■ WHAT THE EXERCISE ASKS
For this task, copy all of the data below exactly and skip the pictures.

■ SUPPLIED DATA
--- --- ---

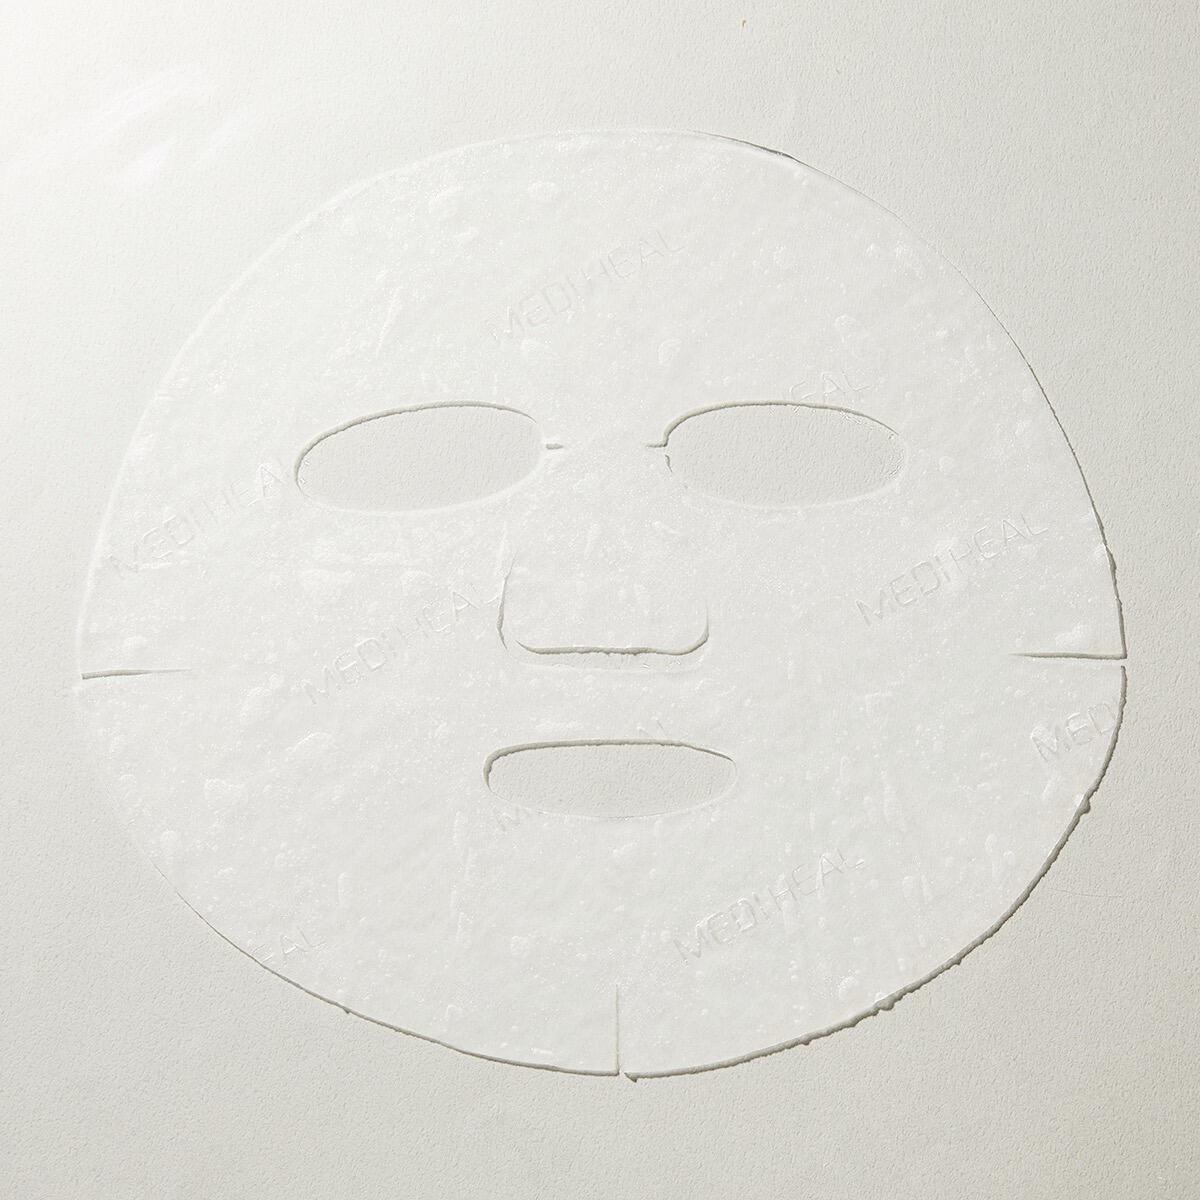 MEDIHEAL(メディヒール)『ヒアルロンアクア アンプルマスクJEX』の使用感をレポ!に関する画像10
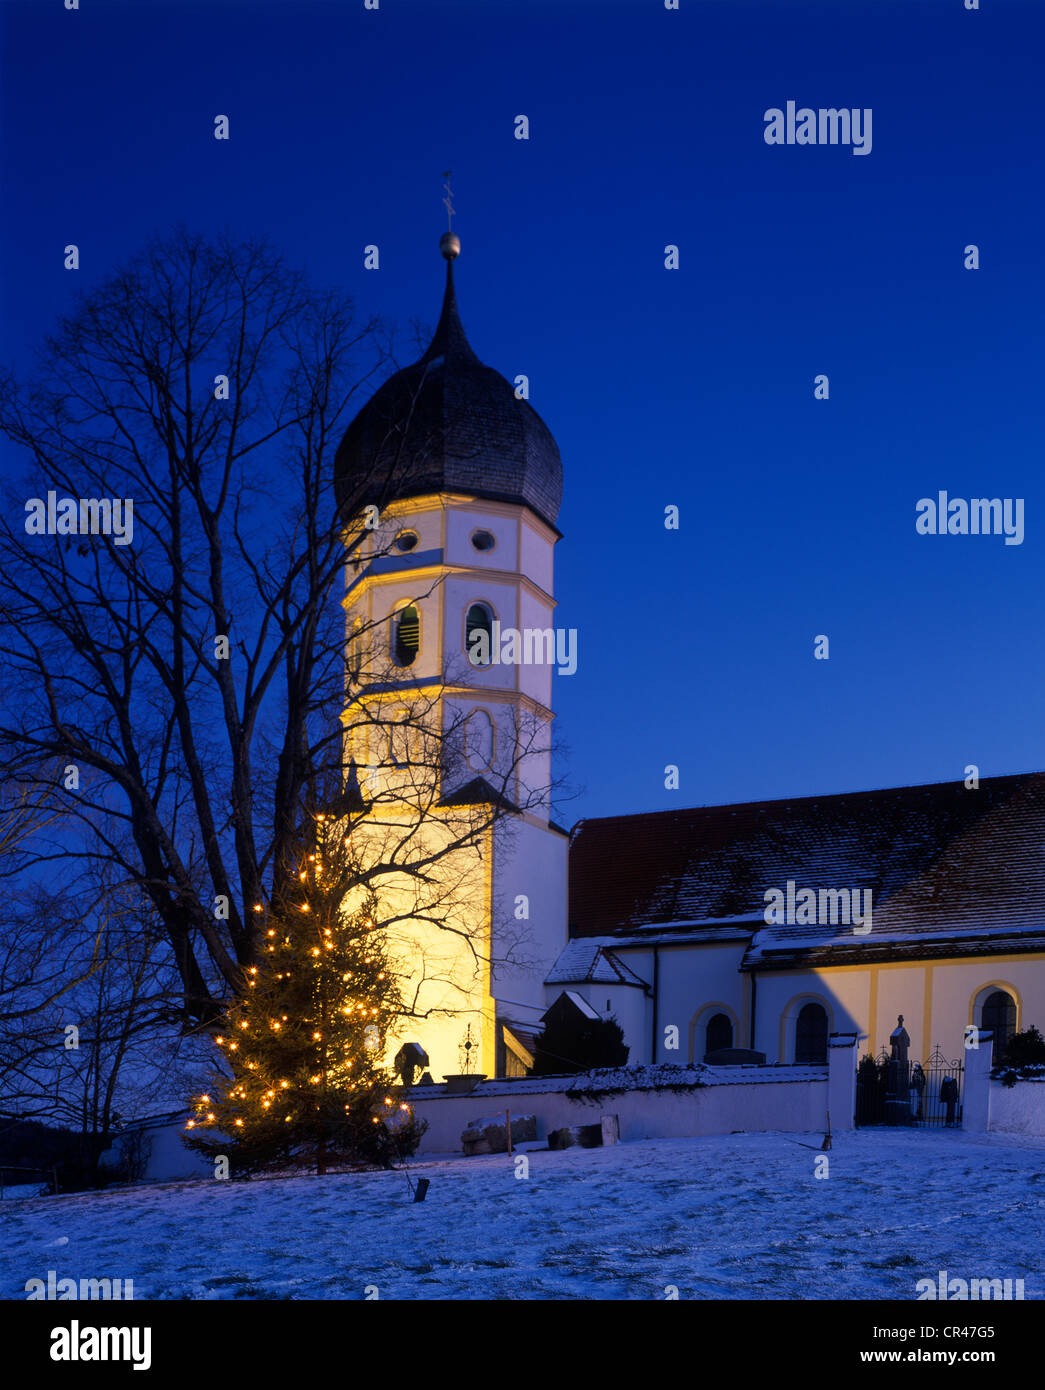 Chapel of Ease of St. John the Baptist and St. George, Holzhausen, Muensing, Upper Bavaria, Germany, Europe - Stock Image
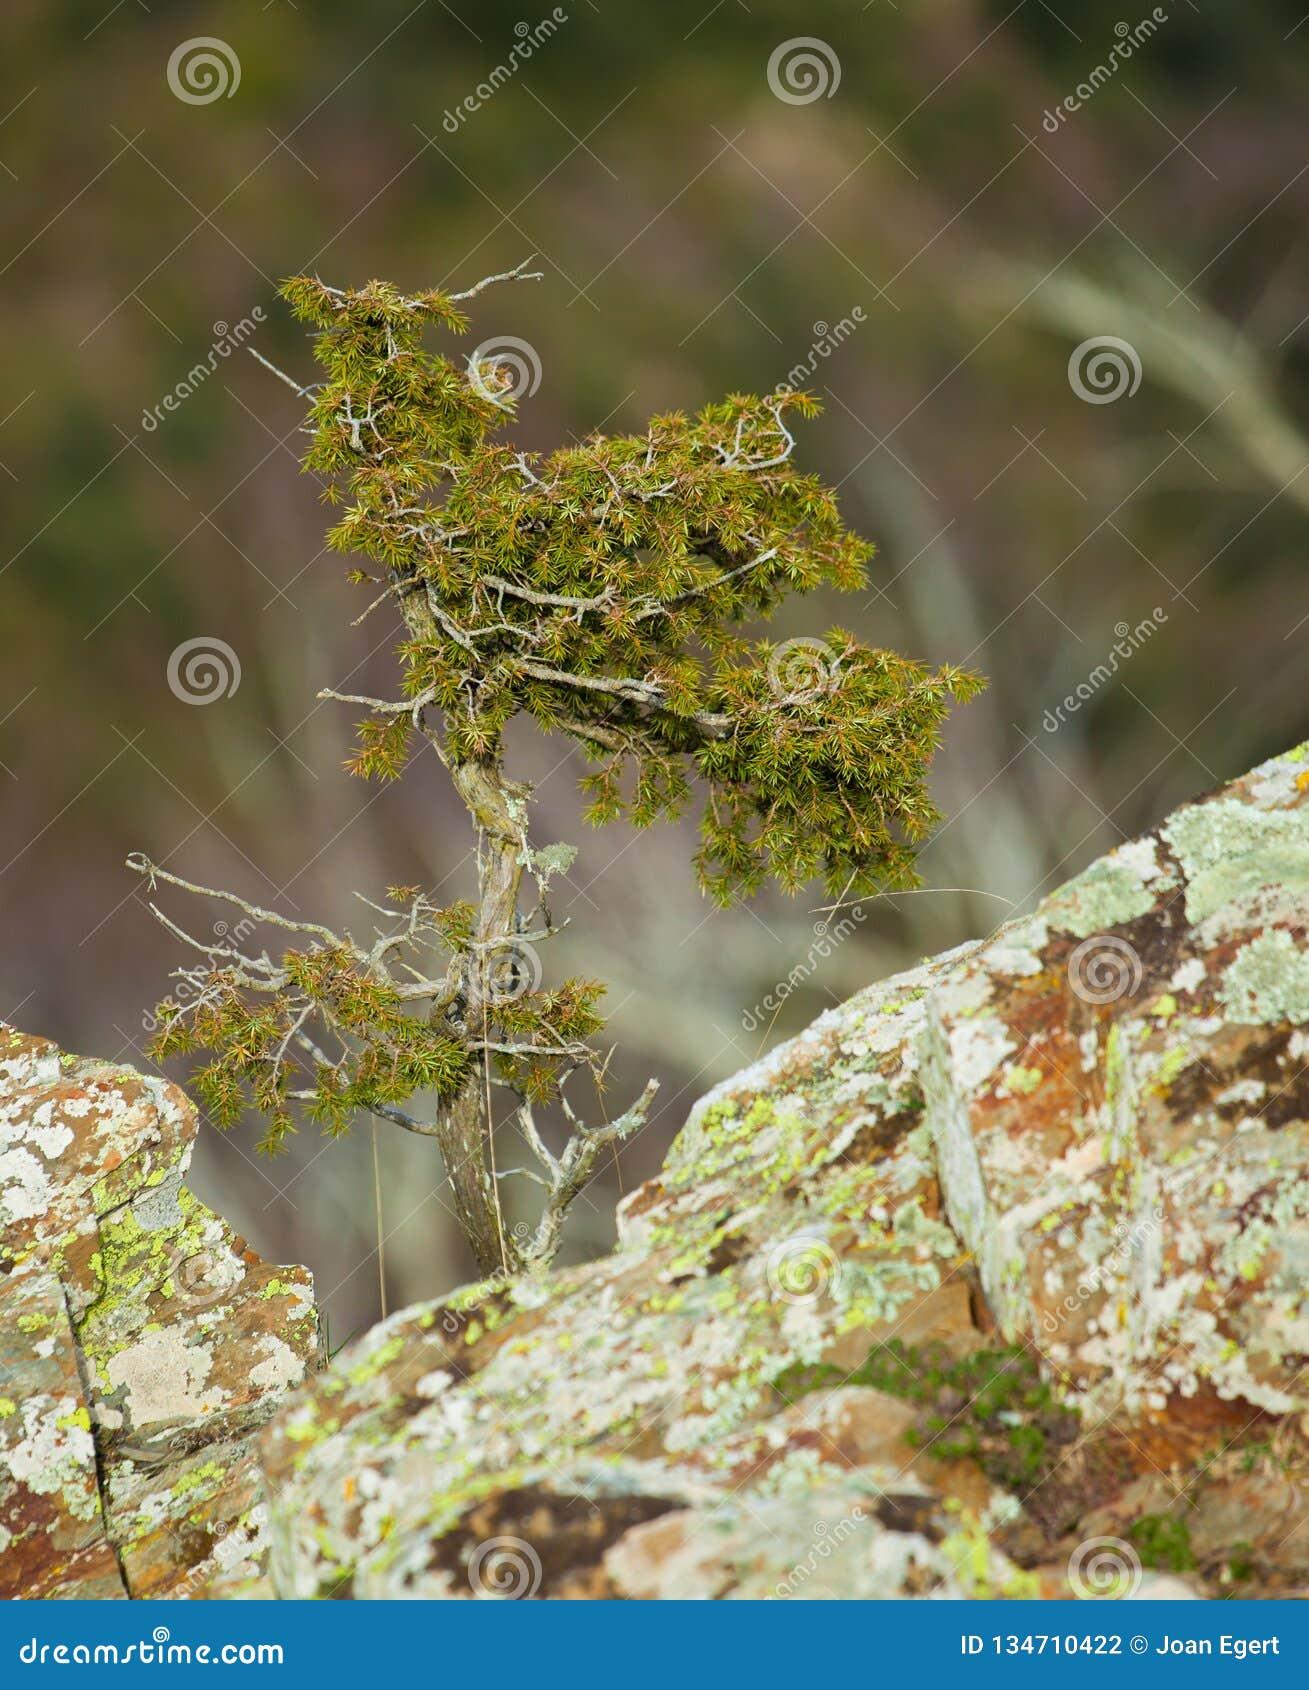 Common Juniper tree growing on highland rocks

--- --- ---

■ ANSWER BELOW
 MEDIHEAL(メディヒール)『ヒアルロンアクア アンプルマスクJEX』の使用感をレポ!に関する画像10
 Chapel of Ease of St. John the Baptist and St. George, Holzhausen, Muensing, Upper Bavaria, Germany, Europe - Stock Image
 Common Juniper tree growing on highland rocks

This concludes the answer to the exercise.